3. The objector contends that the grant issued to the petitioner on 17/12/2023 was obtained fraudulently by making false statements as there was no family meeting that was held to discuss the filing of the succession petition of the estate of their late mother and the mode of distribution. He averred that they were not informed of the filing of the petition and further, that there was no consent filed on the mode of distribution showing that they agreed to the petitioners’ proposed mode of distribution.
4. The objector avers that the petitioner did not inform the court that Stephen Kamau Kiarie, Jonah Kinyanjui, John Njagi Kiarie and Daniel Karangi Kiarie who are the children of the deceased have since passed on and are now survived by widows and children. He contended that the petitioner did not make any distribution to the widows despite them being beneficiaries to the estate. He proposed that Peter Kariuki Kiarie, Miriam Muthoni Kiarie and Ibrahim Karanja Kiarie be the new administrators of the estate.
5. Additionally, the objector proposed the mode of distribution as follows; That they are not aware of the existence of parcel no. Nyandarua/Kirima Settlement Scheme/1318 as it does not form part of the estate.

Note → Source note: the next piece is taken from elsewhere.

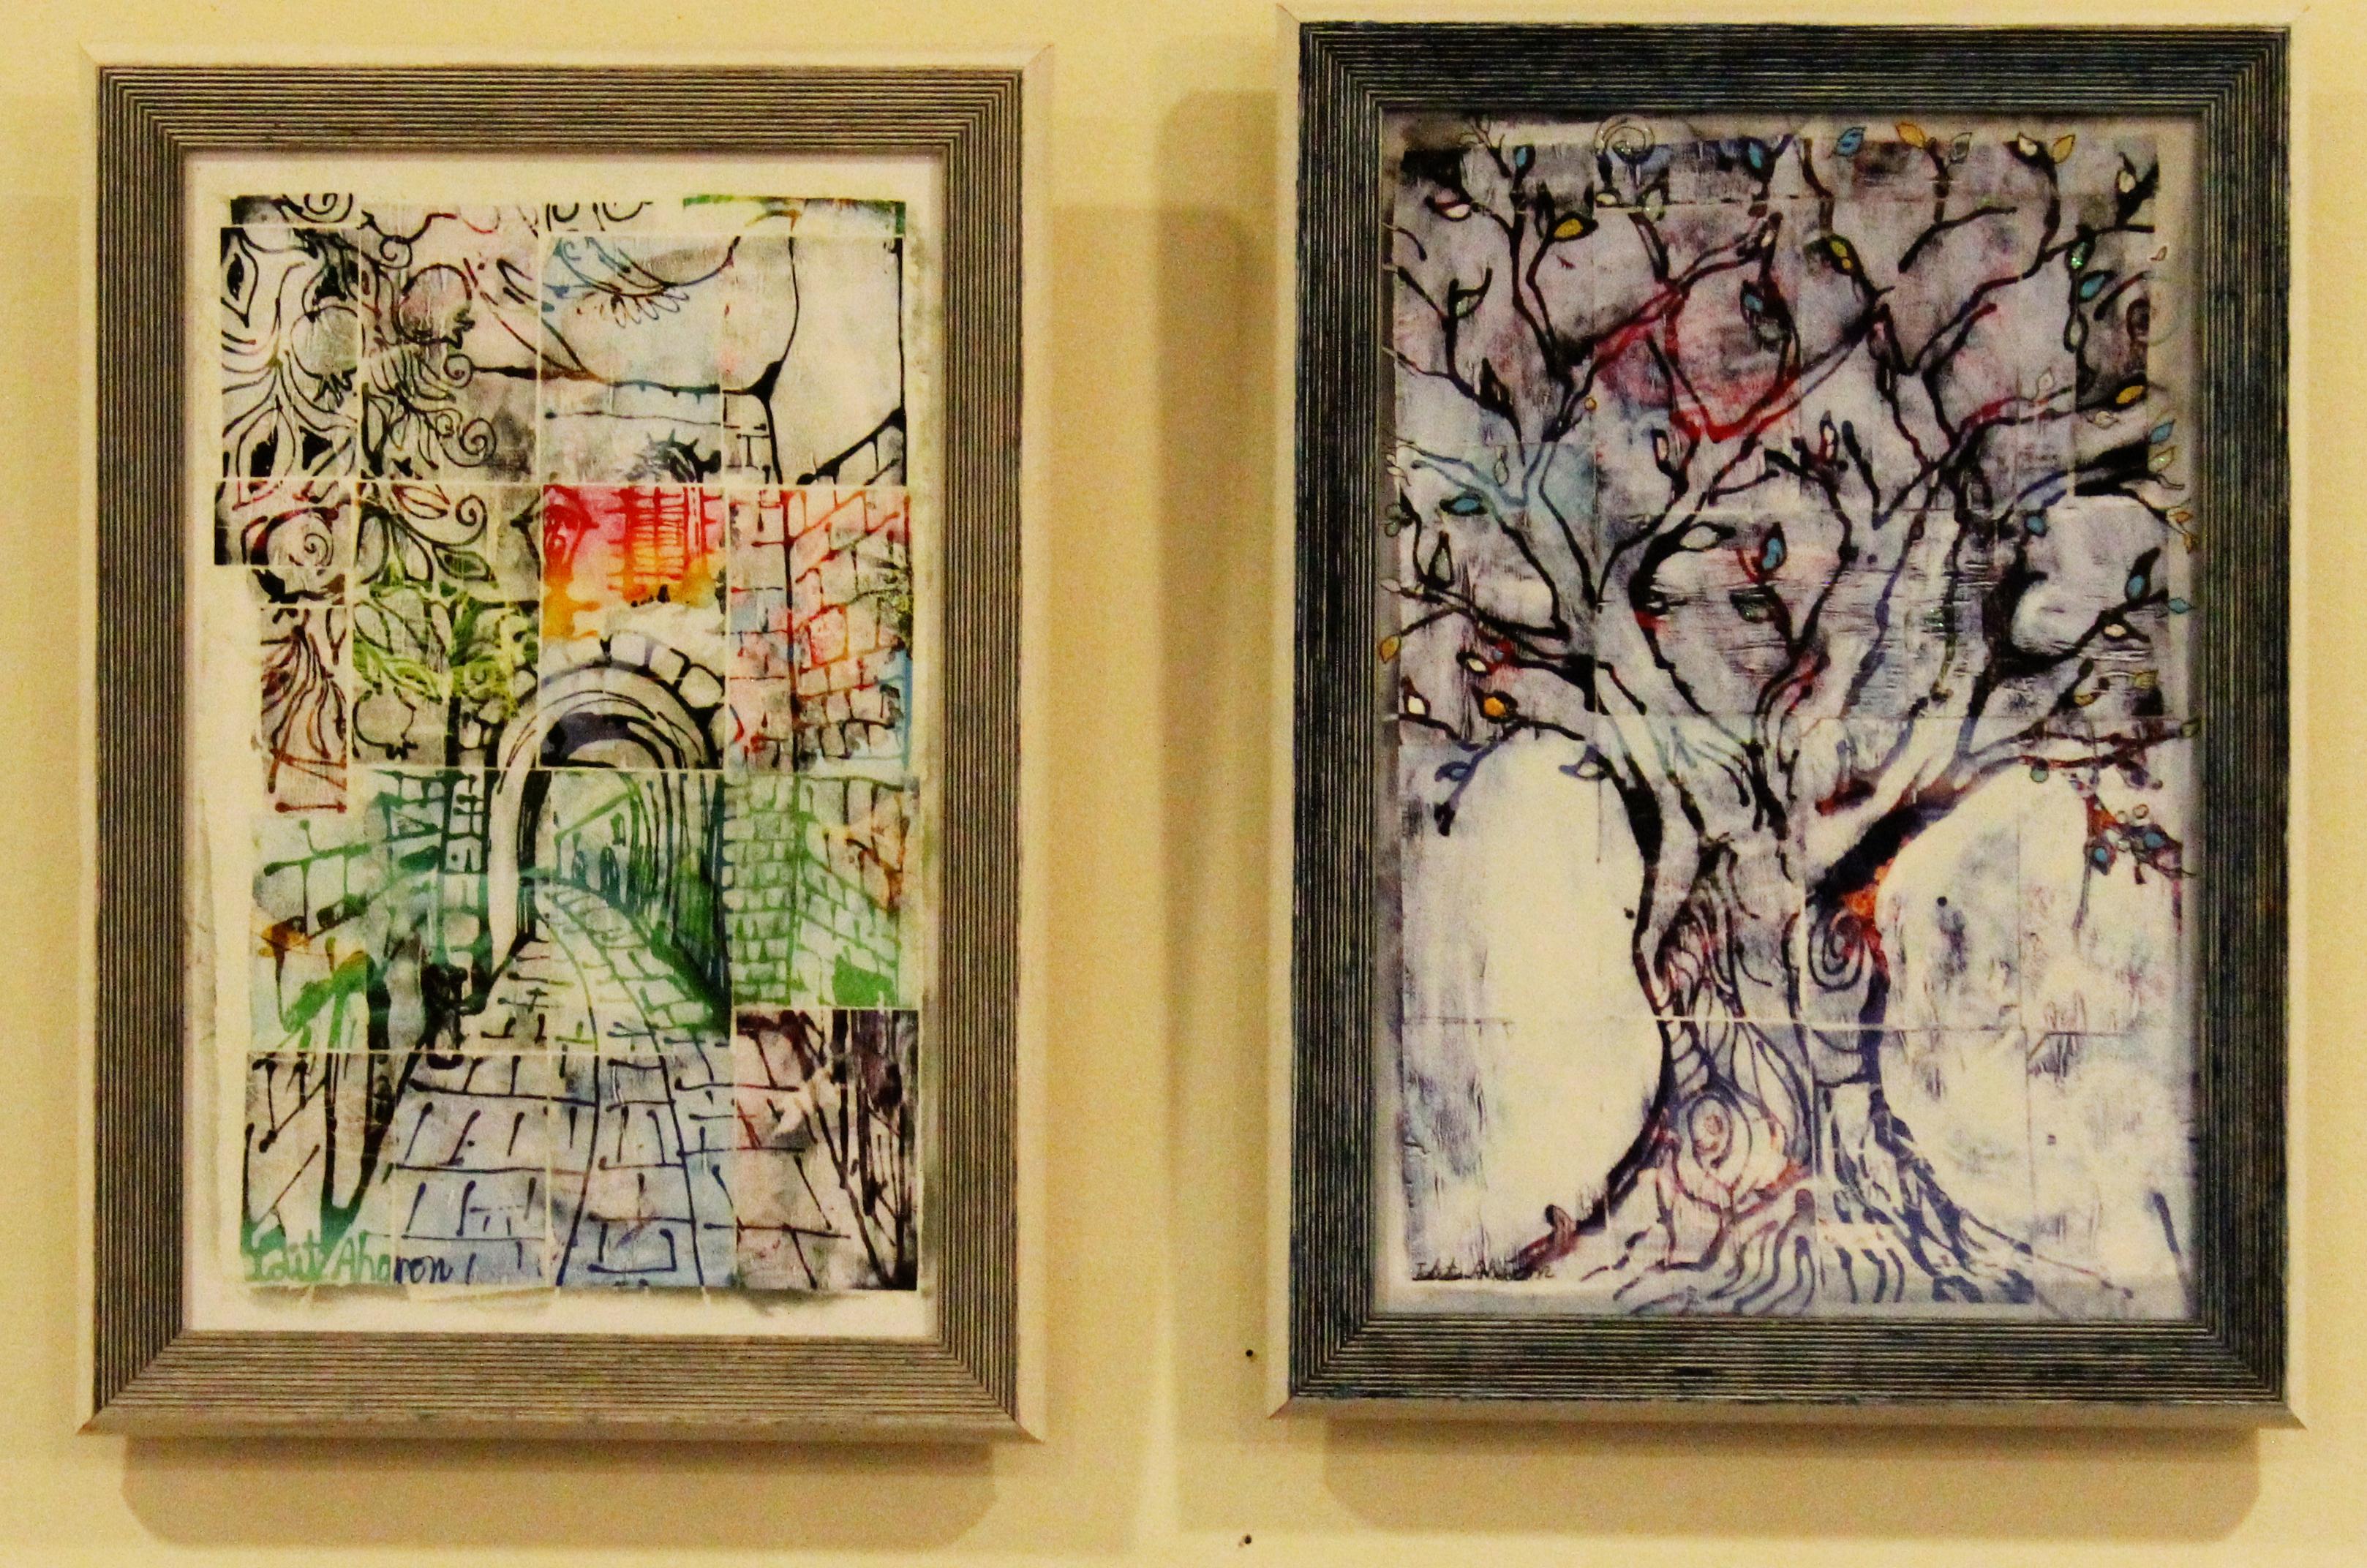 Idit Aharon - Pair of paintings
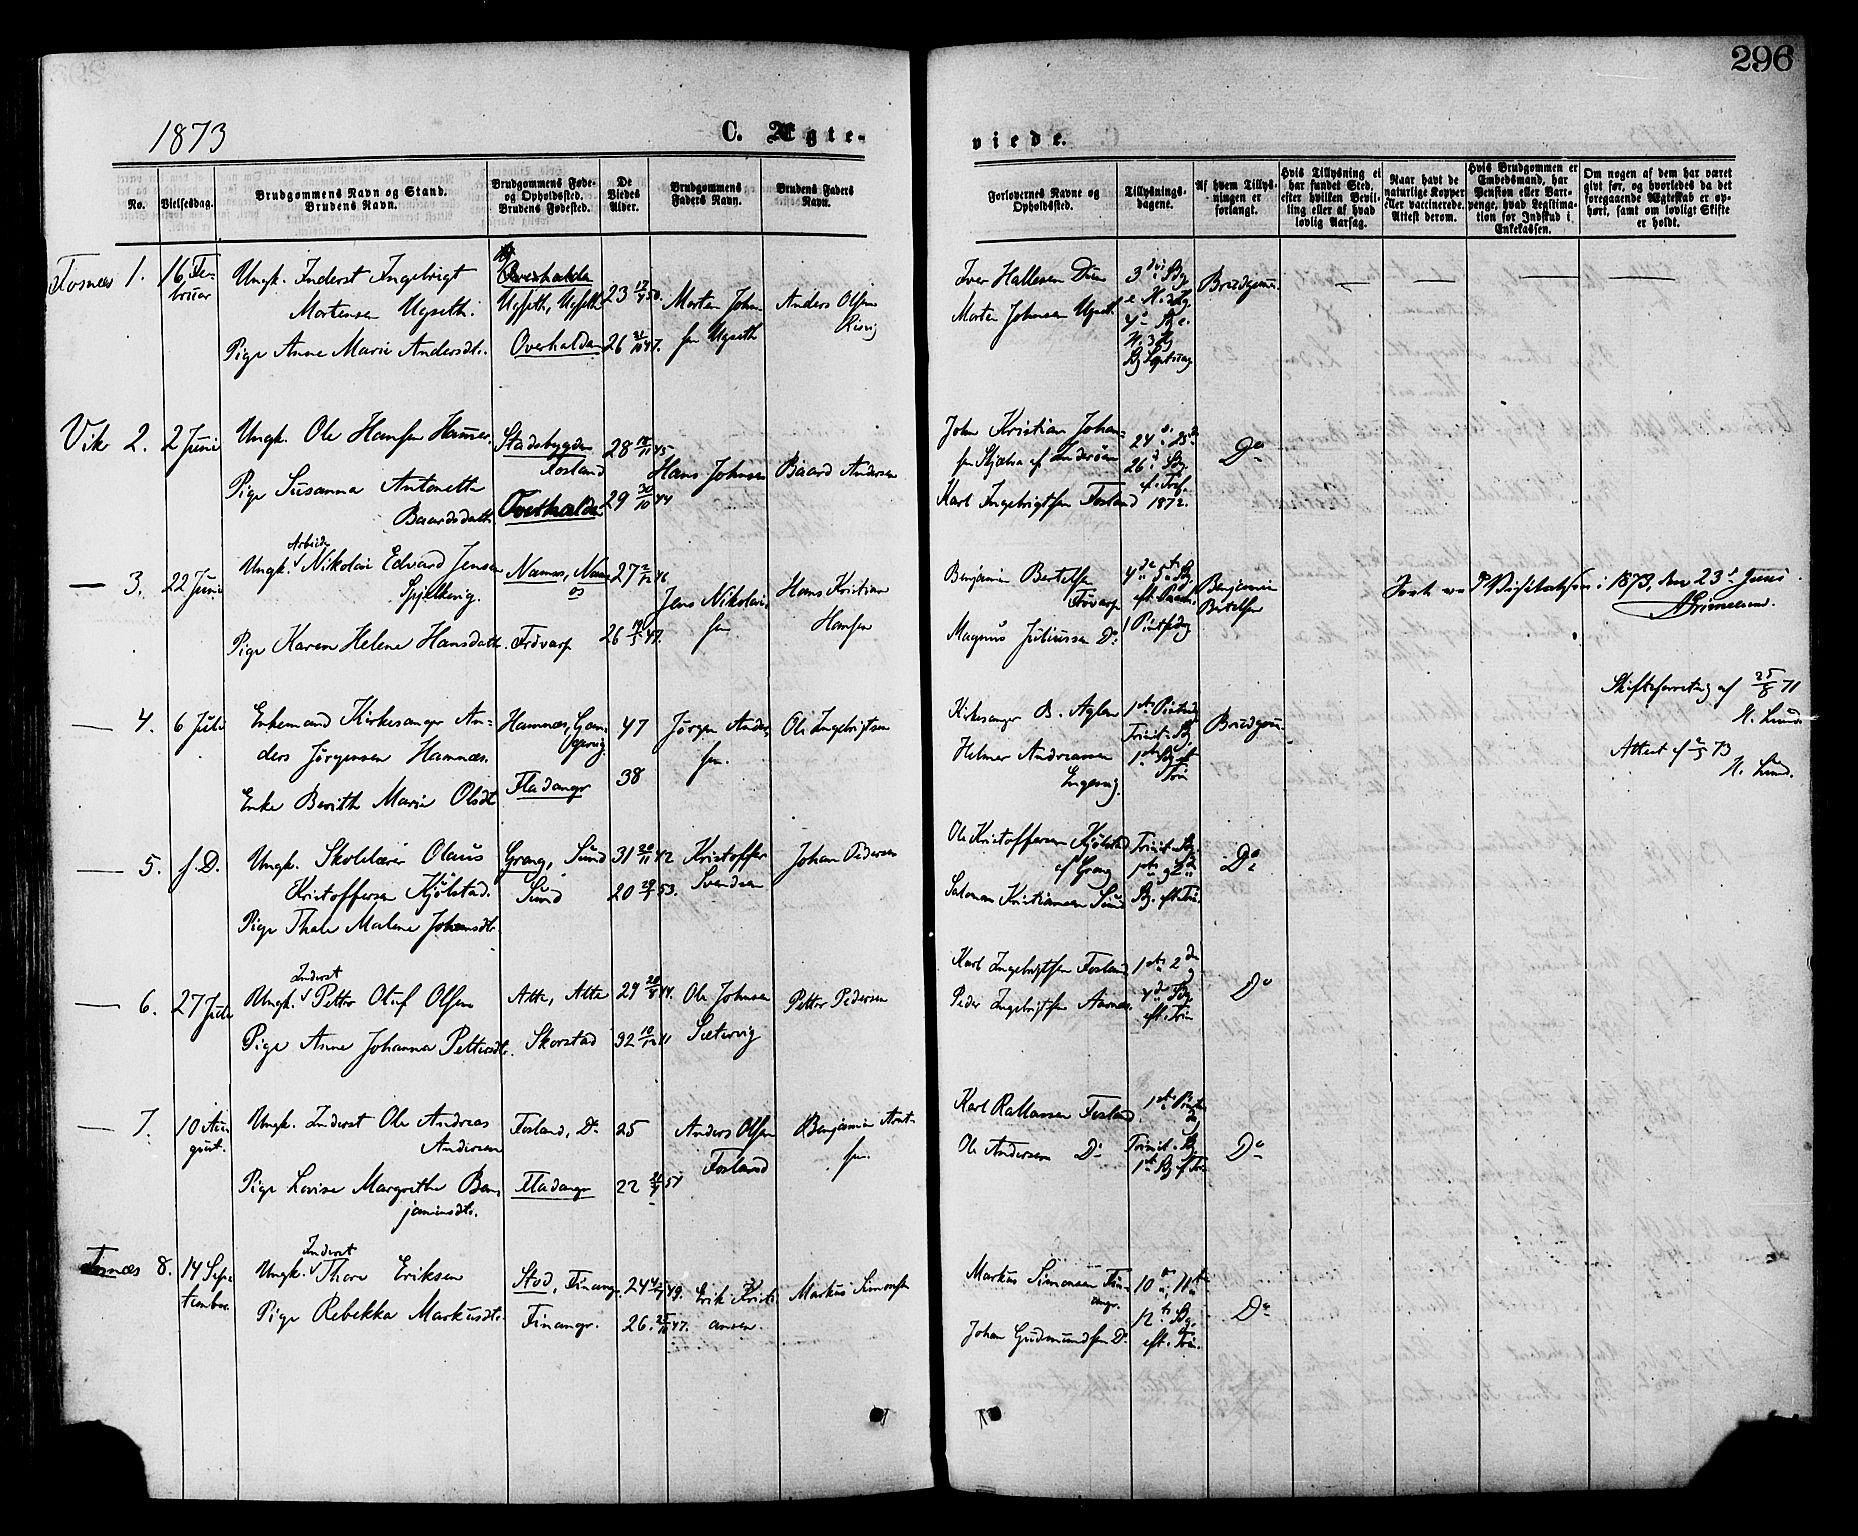 SAT, Ministerialprotokoller, klokkerbøker og fødselsregistre - Nord-Trøndelag, 773/L0616: Ministerialbok nr. 773A07, 1870-1887, s. 296

That parcel no. KAPSARET/KAPSARET BLOVK 1(YAMUMBI) 587 measuring 1. 7 acres was sold to Tai enterprises and is not available for distribution, the same ought to be distributed to Tai Enterprises.
That parcel No. BAHATI/KABATINI BLOCK 1/11004 measuring 0. 25 acres be distributed to Peter Kariuki Kiarie and Miriam Muthoni Kiarie to hold in trust for themselves and all beneficiaries in equal shares.
That a portion measuring 1 acre in parcel no. KAPSARET/KAPSARET BLOCK 1 (YAMUMBI) 584 was sold to John K. Lelei and the same be distributed to him.
That the remaining portion measuring 3 acres be distributed equally to the sons of the deceased and share for the sons who are now deceased be distributed to the widows so as to hold in trust for their children.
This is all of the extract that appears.